Restrict Choice. Private Insurers restrict medical consumers’ choice in medical providers, inhibiting the proper function of the free market in medical services and enabling bad providers to thrive.

Adds Complexity. Over 1,200 Private Insurance bureaucracies complicate and impede the practice of medicine with differing and often conflicting billing and administrative policies.

Drains Resources. Nearly 30% of the healthcare spending funneled through health insurance middlemen is wasted on profit taking, underwriting, executive compensation and other unnecessary expense and waste.

Squanders Expertise. Our current health care model diverts providers' attention from "how to heal" to "how to get compensated" by the shameless insurers.

Manipulates the Media. Private Insurers exert a level of editorial control over the media via advertising purchases.

Corrupts Our Politics. Private Insurers manipulate elected officials with campaign donations, plum corporate jobs, and an army of lobbyists.
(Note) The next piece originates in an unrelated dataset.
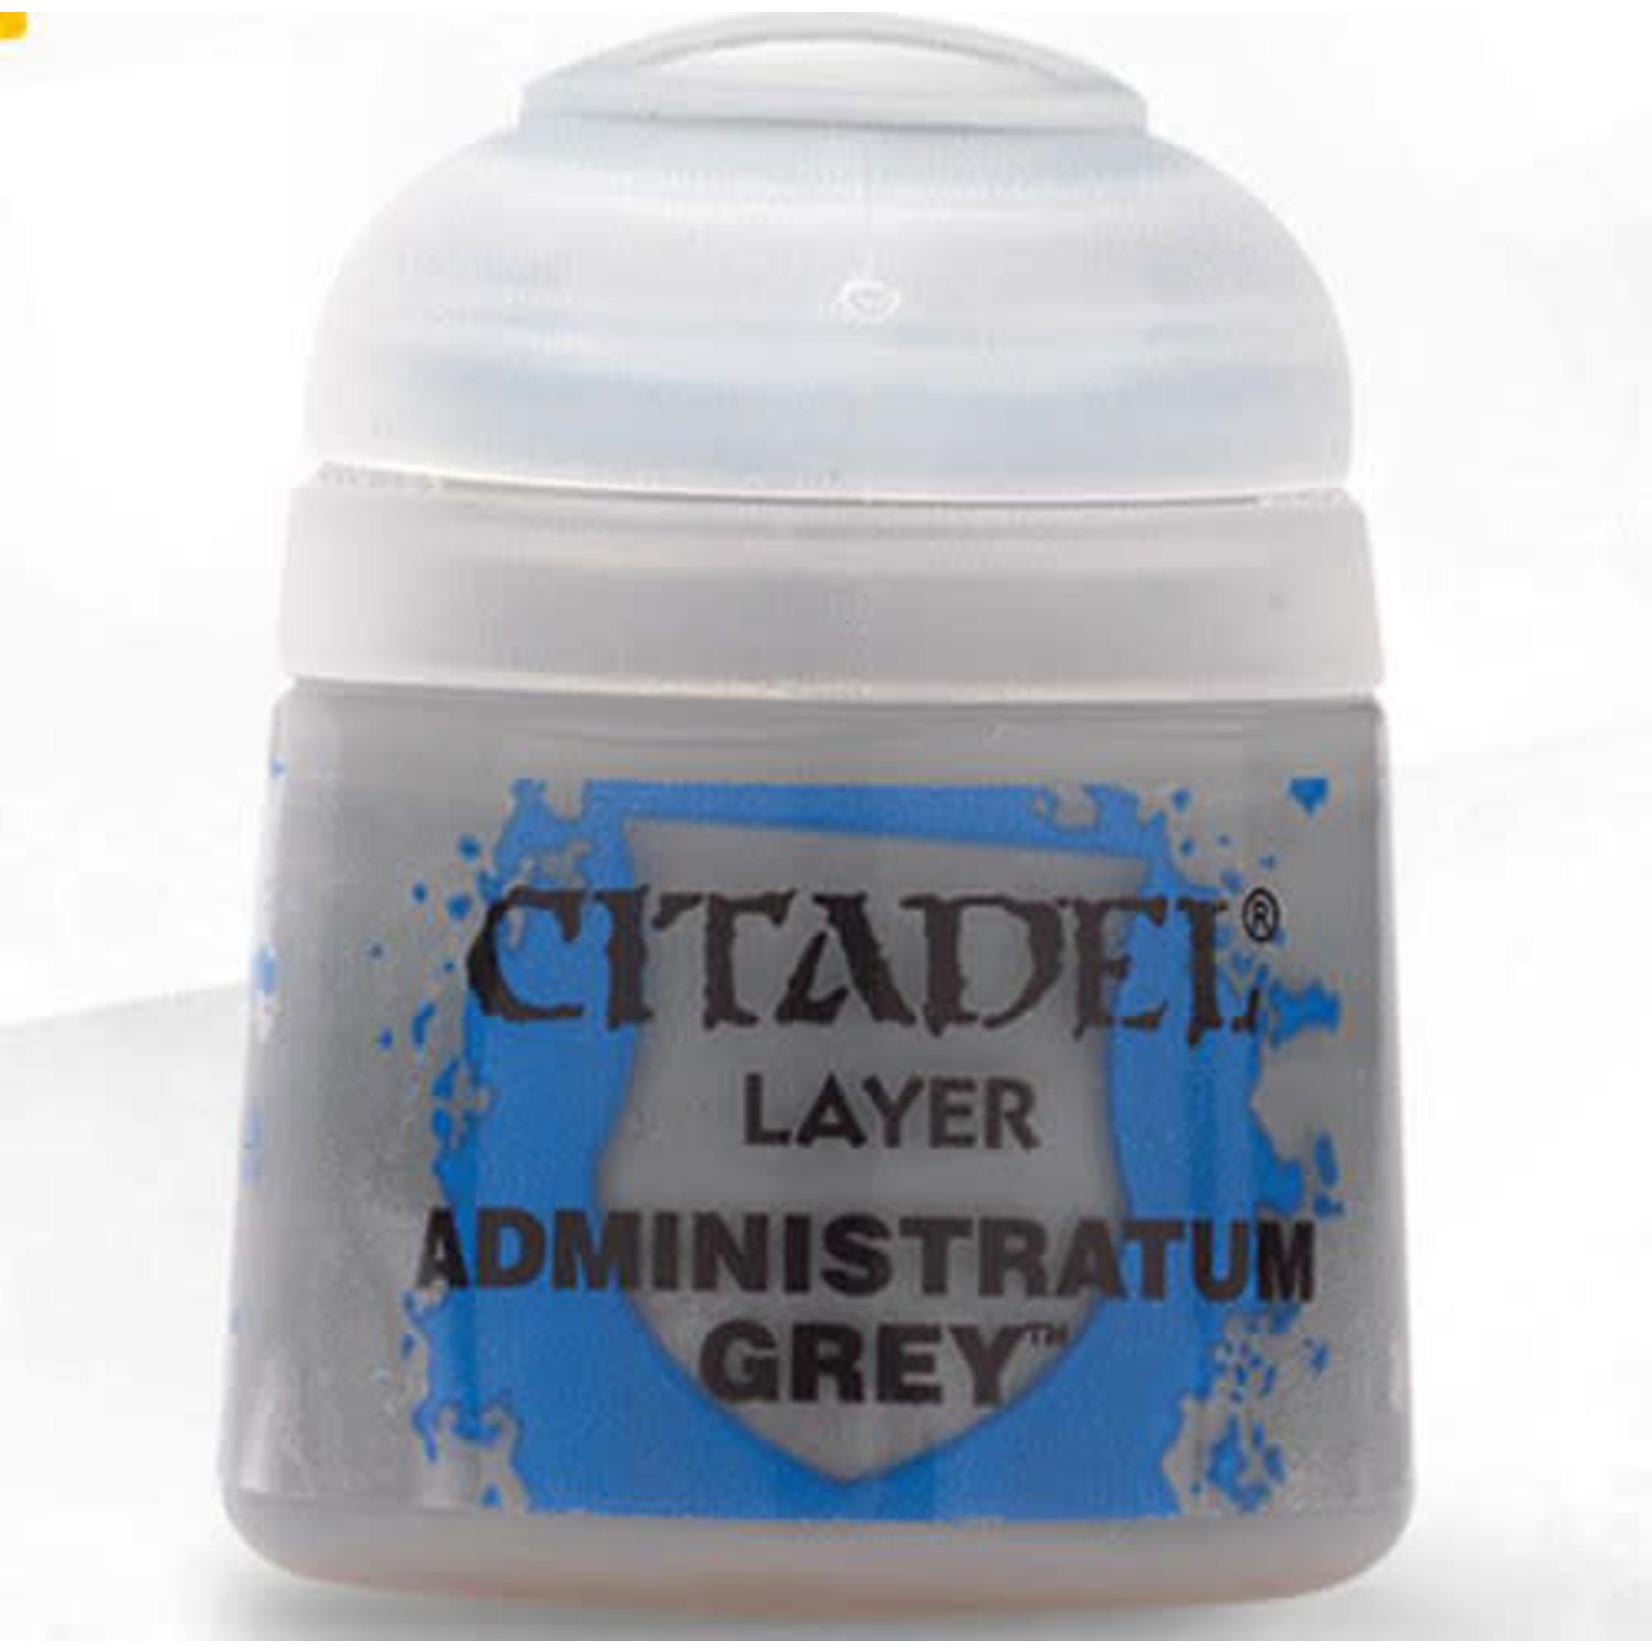 Games Workshop Citadel Paint: Administratum Grey 12ml

Brainwashes the Populace. Private Insurers use paid media to lie directly to the populace, leveraging fear tactics and other highly sophisticated propaganda campaigns in order to evade accountability for the consequences of their actions and protect the status quo.

Restricts Debate. Private Insurers’ media and political operatives dishonestly malign genuine reform as “politically infeasible” in order to limit the debate to industry-blessed half measures.

Private Health Insurance Must Go! Reform proposals that do not remove private insurers from our healthcare system are morally unacceptable, fiscally irresponsible, and unsustainable even in the near term. These “mandate and subsidize” proposals are not well meaning attempts at realism by so-called centrists. They are a sinister attempt to marginalize the opportunity our country has at this defining moment to sideline the private insurers and move to a healthcare system that works – publicly funded and privately provided Medicare for all, as implemented in HR 676 – The United States National Health Care Act.